The automatic registration approach sketched above [33] has been tested on many complex scanning campaigns (where each range map is usually affected by noise, artifacts, and holes). An example concerning a bas-relief is shown in Figure 3.8, whose approximate length is 2.5 meters. In this case two raster-scan (snake-like) stripes were acquired and processed, for a total of 117 meshes (about 45.5M vertices). The overall automatic alignment requires usually much less than the raw scanning time and it is therefore sufficiently fast to run in background during the acquisition, processing all the scans in sequence as soon as they are produced.

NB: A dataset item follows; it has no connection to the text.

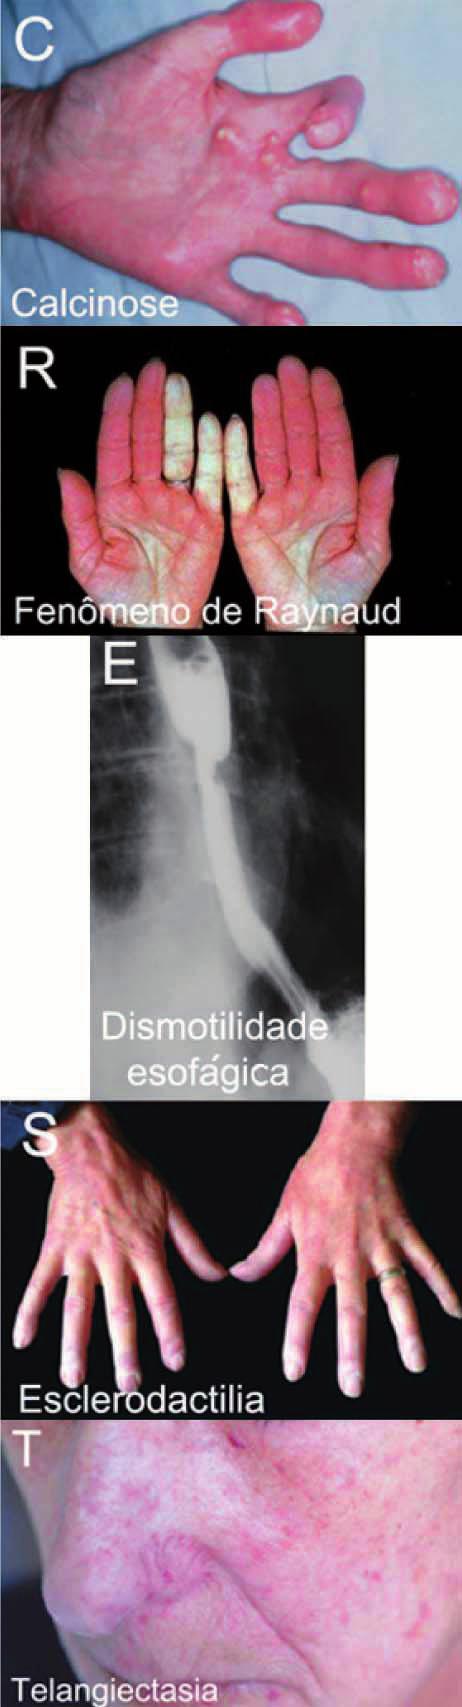 esclerose sistêmica 319 Formas clínicas Quadro pulmonar mais associado Anticorpo mais associado Prognóstico ES difusa Fibrose intersticial pulmonar Antitopoisomerase I Reservado, associado à

Solutions similar to the ones presented in this subsection are unfortunately still not provided by commercial software; inclusion of automatic alignment would speed up the processing of scanned data, reducing the manpower required and the overall costs.

Enhancing Incomplete Surface Sampling

According to 3D scanning experience, obtaining a complete sampling of a complex artifact surface is often impossible [31]. Various are the reasons why we usually end up with an incomplete scan: presence of self-obstructing surfaces; presence of small cavities or folds; sections of the surface which are not cooperative with respect to the optical scanning technology adopted (highly reflective materials like polished metals, transparent components such as glass or gems, surfaces which do not reflect the emitted light probe, etc). In all those cases, we have to decide if the model has to be completed or if we have to keep it incomplete. In the CH domain we are usually asked to produce models which should contain only sampled geometry, i.e., the use of software solutions which fill up the gaps is not allowed. On the other hand, incomplete digital models perform very poor in visualization, since the holes usually attract the observer’s attention much more than the other clean parts. Clean sampled surfaces are therefore needed for visualization, obtained by closing all the gaps with plausible surface patches. A very nice extension to available data formats would be an attribute that could allow us to differentiate between sampled and interpolated geometry (a sort of confidence value assigned to each geometric element), making it possible to make visually evident those two different data components. This would be an interesting addition to provenance data encoding.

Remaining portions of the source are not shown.